Moreover, in light of the uncertain treatment of the Securities, it is possible that other persons having withholding or information reporting responsibility in respect of the Securities may treat a Security differently, for instance, by treating the entire coupon payment as ordinary income at the time received or accrued by a holder.
U.S. Holders should consult their tax advisers regarding the U.S. federal income tax consequences of an investment in the Securities, including possible alternative treatments and the issues presented by the notice described above.
Tax Consequences to Non-U.S. Holders
This section applies only to Non-U.S. Holders. As used herein, the term “Non-U.S. Holder” means a beneficial owner of a Security that is, for U.S. federal income tax purposes:
· an individual who is classified as a nonresident alien;
· a foreign corporation; or
· a foreign trust or estate.
The term “Non-U.S. Holder” does not include a holder who is an individual present in the United States for 183 days or more in the taxable year of disposition and who is not otherwise a resident of the United States for U.S. federal income tax purposes or certain former citizens or residents of the United States. Such holders should consult their tax advisers regarding the U.S. federal tax consequences of an investment in the Securities.
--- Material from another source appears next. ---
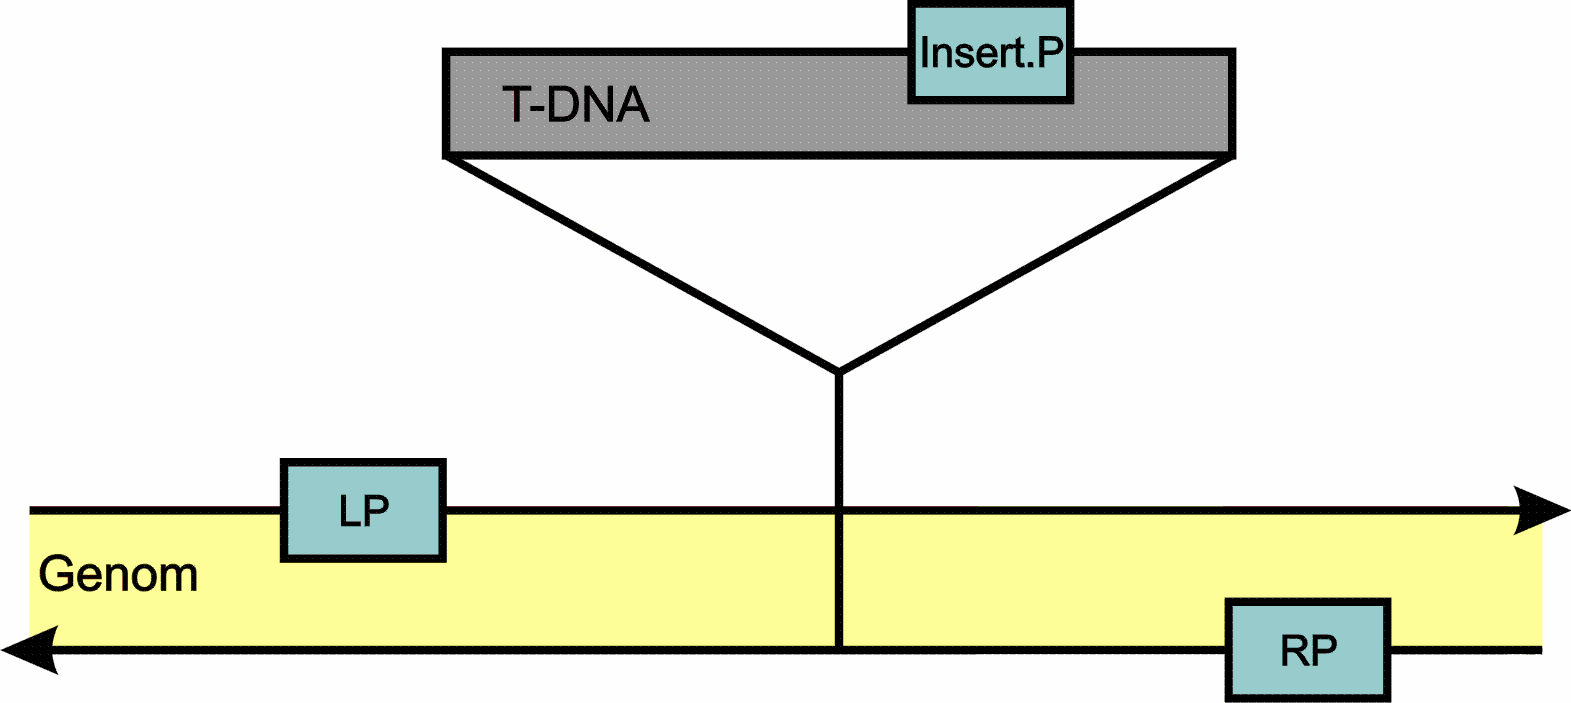 Zur Analyse auf Homozygotie bzgl. einer T-DNA-Insertion wurden zwei PCR-Ansätze mit der isolierten DNA der Insertionslinien sowie von Col-0 als Kontrolle durchgeführt.

Under the tax treatment described above under “—Tax Treatment of the Securities,” a Non-U.S. Holder of the Securities generally should not be subject to U.S. federal withholding or income tax in respect of payments on the Securities or amounts received on the sale, exchange or retirement of the Securities, provided that (i) income in respect of the Securities is not effectively connected with the conduct of a trade or business by the Non-U.S. Holder in the United States, and (ii) the Non-U.S. Holder (or a financial institution holding the Securities on behalf of the Non-U.S. Holder) furnishes to the applicable withholding agent an appropriate IRS Form W-8 certifying under penalties of perjury that the beneficial owner is not a U.S. person.
In 2007, the U.S. Treasury Department and the IRS released a notice requesting comments on the U.S. federal income tax treatment of “prepaid forward contracts” and similar instruments. While it is not clear whether the Securities would be viewed as similar to the typical prepaid forward contract described in the notice, it is possible that any Treasury regulations or other guidance promulgated after consideration of these issues might materially and adversely affect the withholding tax consequences of an investment in the Securities, possibly with retroactive effect. Accordingly, Non-U.S. Holders should consult their tax advisers regarding the issues presented by the notice.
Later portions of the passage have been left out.